Advantageous Effects Corresponding to the Invention of Claim 3: Claim 1
When the CPU issues a write request to a space for storing a copy of data in a specific area according to the invention of the present invention, it is possible to set so as not to execute the write request, so that it is possible to prevent software from being erroneously rewritten. .

Advantageous effect corresponding to the invention of claim 4: Claim 1
When the CPU issues a write request to a space for storing a copy of data in a specific area according to the invention of the present invention, the CPU has means for notifying the CPU of unauthorized access, so that a software error can be recognized.

[Brief description of the drawings]

FIG. 1 is a main block diagram for explaining an embodiment of the present invention.

FIG. 2 is a diagram illustrating a configuration of a secondary cache control circuit configured in a BUS control circuit 103;

FIG. 3 is a diagram showing a sequence of a hit of a secondary cache (when valid data exists on a DRAM and this data is used instead of ROM data).
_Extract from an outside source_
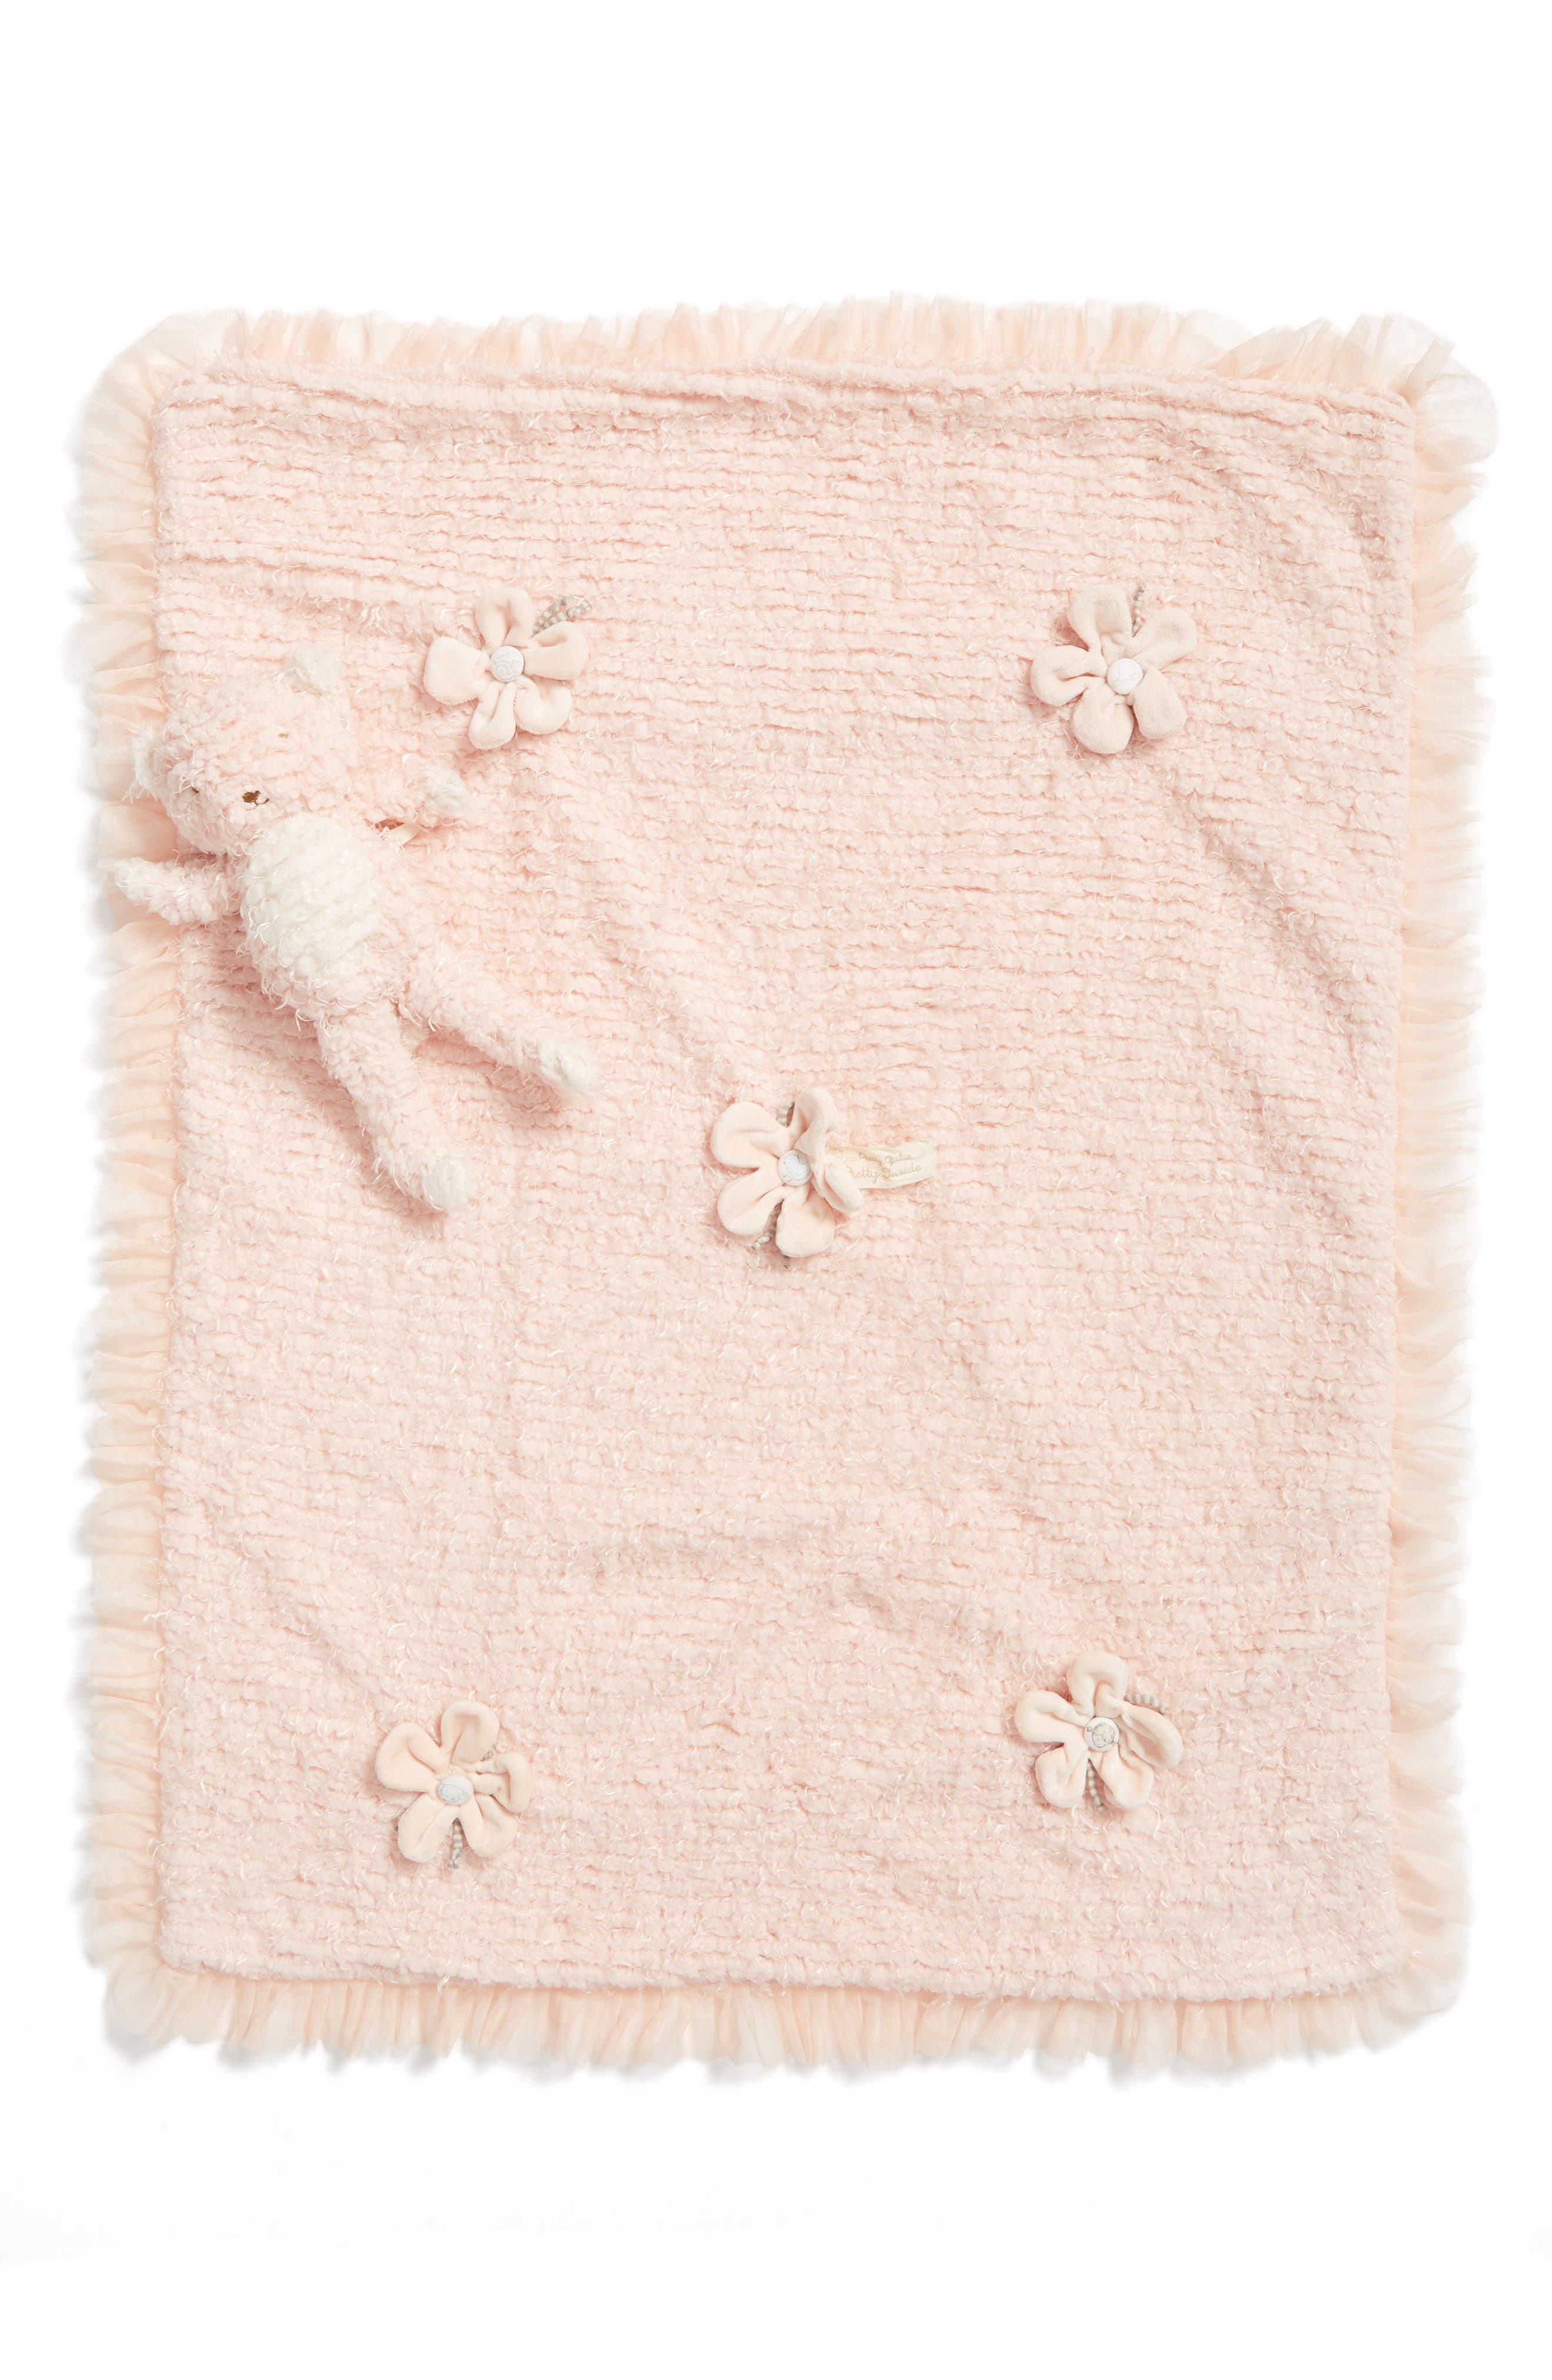 BUNNIES BY THE BAY Shaggy Blanket & Stuffed

FIG. 4 shows a secondary cache miss (DRAM despite cache enable bit being enabled)
FIG. 7 is a diagram showing a sequence when valid data does not exist on the upper part).

[Explanation of symbols]

101: CPU, 102: DRAM, 103: BUS control circuit, 104: ROM, 105: I / O device, 1
06 ... CPU bus, 107 ... Local bus, 201 ...
Request address register, 202 ... TAGR
AM, 203... Start address register, 204
... End address register, 205 ... Cache
Enable register, 206, comparator (Comp),
207 RAM controller, 208 ROM controller, 210 control circuit.

Claims (4)

[Claims] In response to a read request from a CPU for a specific area, a means for managing whether or not a copy of read request data exists in a DRAM is provided. Supply read data from DRAM instead of target device of
An information processing apparatus for performing read access from an original target device when not present in a DRAM, supplying read data to a CPU, and storing a copy of the read data also in the DRAM. 2. The information processing apparatus according to claim 1, wherein a start address and a size of a space for storing a copy of data in a specific area can be set. 3. The method according to claim 1, wherein when the CPU issues a write request to a space for storing a copy of the data in the specific area, the write request can be set not to be executed. Information processing device. 4. The information processing apparatus according to claim 1, further comprising means for notifying the CPU of unauthorized access when the CPU issues a write request to a space for storing a copy of data in a specific area. apparatus.